Enfim, na história política e sua renovação, o espaço para se pensar essas considerações e
hipóteses tornou mais amplo e aberto. Um dos conceitos que é de extrema valia para o período e
que possui uma utilização que abordaremos aqui é o de cultura política, especificamente pelo fato
de envolver a mentalidade política, a estrutura do que já definimos como campo político, as
possíveis temporalidades de pesquisa e as relações dos sujeitos na história.

- Conceito e abordagens: a cultura política;

O conceito de cultura política surge na década de 1960 na ciência política estadunidense.


São Gabriel Almond e Sidney Verba que instituem o termo como uma forma de compreender a
organização social e política mundial. No texto “A cultura política”, os autores estabelecem um tipo
de classificação das sociedades através de um estágio evolutivo de razão política e definem cultura
política como uma razão, símbolo, significado, forma de compreensão da política pelos indivíduos.

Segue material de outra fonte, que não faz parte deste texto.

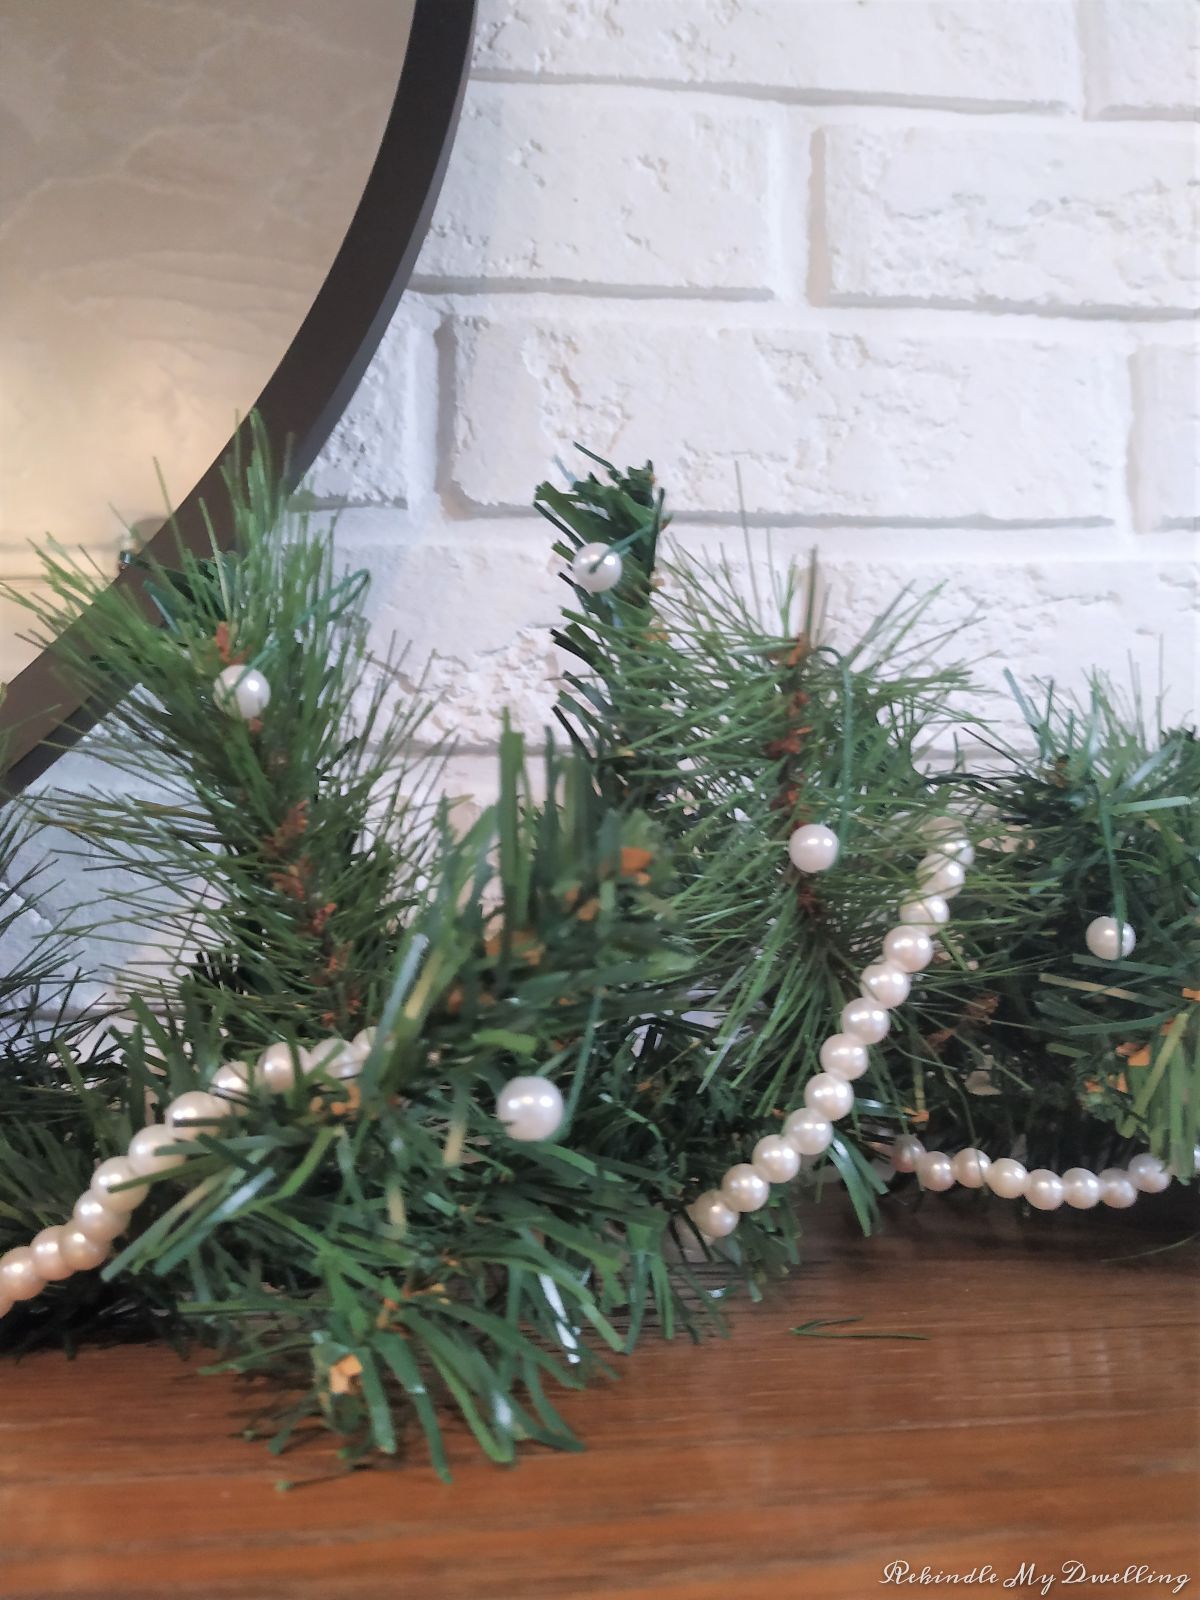 Pearl garland wrapped around greenery.

Os autores destacam que só em um momento em que se está mudando uma cultura política mundial
de participação em massa na política, não se sabe como se dará tal participação, se de maneira
democrática ou totalitária – este último entendido como controle de todos os aspectos da vida
humana – poderia se pensar em como essa cultura política se daria. Como prática, o conceito se
define a partir de uma significação da política pelos indivíduos, a partir de sua aceitação ou não e de
uma construção cultural e mental do que é esse tipo de política, isto é, especificamente a ações
políticas, a cultura de um grupo social em como entende, pratica, critica, cria sentimentos,
valorações e significados ao campo político.

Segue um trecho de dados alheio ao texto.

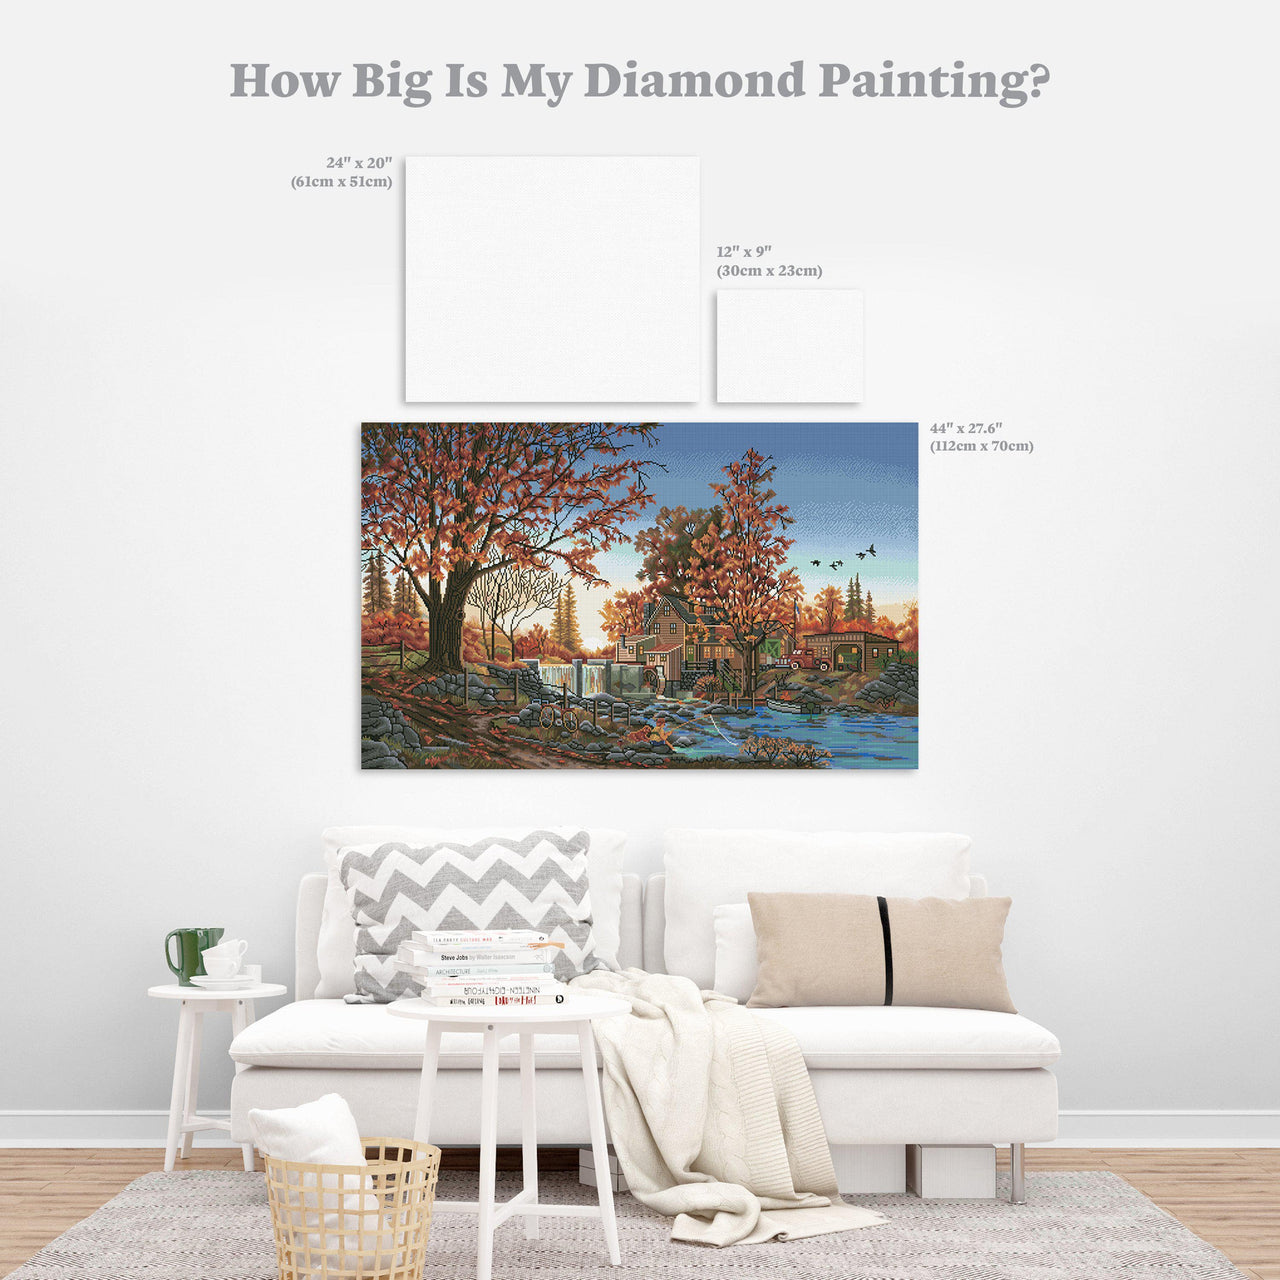 Let see how well this works 🤔  reviews said it works well with Diamond  art. : r/diamondpainting

Dessa forma, dividem a cultura política de nações – pois é o enfoque da análise dos autores
– em tipos de orientação da população: uma orientação cognitiva, que se liga ao conhecimento
sobre as instituições e práticas políticas, o papel dos sujeitos, etc.; em orientação afetiva, ligado aos
sentimentos em torno da política; e orientação avaliativa, sobre a forma como as opiniões e os
juízos são elaborados em torno da política e que se envolvem com o conhecimento e os sentimentos
dos indivíduos sobre a política.
A partir dessa análise, os autores chegam ao resultado sobre tipos de culturas políticas: a
paroquiana, a de súdito e de participação. Essa divisão cria leituras sobre a organização dos países e
suas formas de relação entre a política e os cidadãos. Neste sentido, uma cultura política paroquiana
é definida como parte de sociedades primitivas ou tribais nas quais o indivíduo não conhece, não
julga e não cria sentimentos com as instituições políticas pois não consegue observá-las. Na
perspectiva dos autores, a classificação paroquiana se liga especificamente ao fato de líderes
políticos também serem religiosos e econômicos, envolvendo uma não separação e especialização
dos termos. Uma cultura política de súdito se classifica como dos sujeitos que conhecem a estrutura
política que é especializada, cria sentimentos e valorações sobre essa estrutura mas não tem ação
concreta nela, isto é, não tem possibilidade de adentrar ou alterar a ordem política existente. Por
fim, uma cultura política de participação, possui todas as qualidades das orientações, como o
conhecimento, valoração e sentimento sobre a estrutura política bem como forma de atuar nela,
decidindo seja por meio da representação ou da participação direta.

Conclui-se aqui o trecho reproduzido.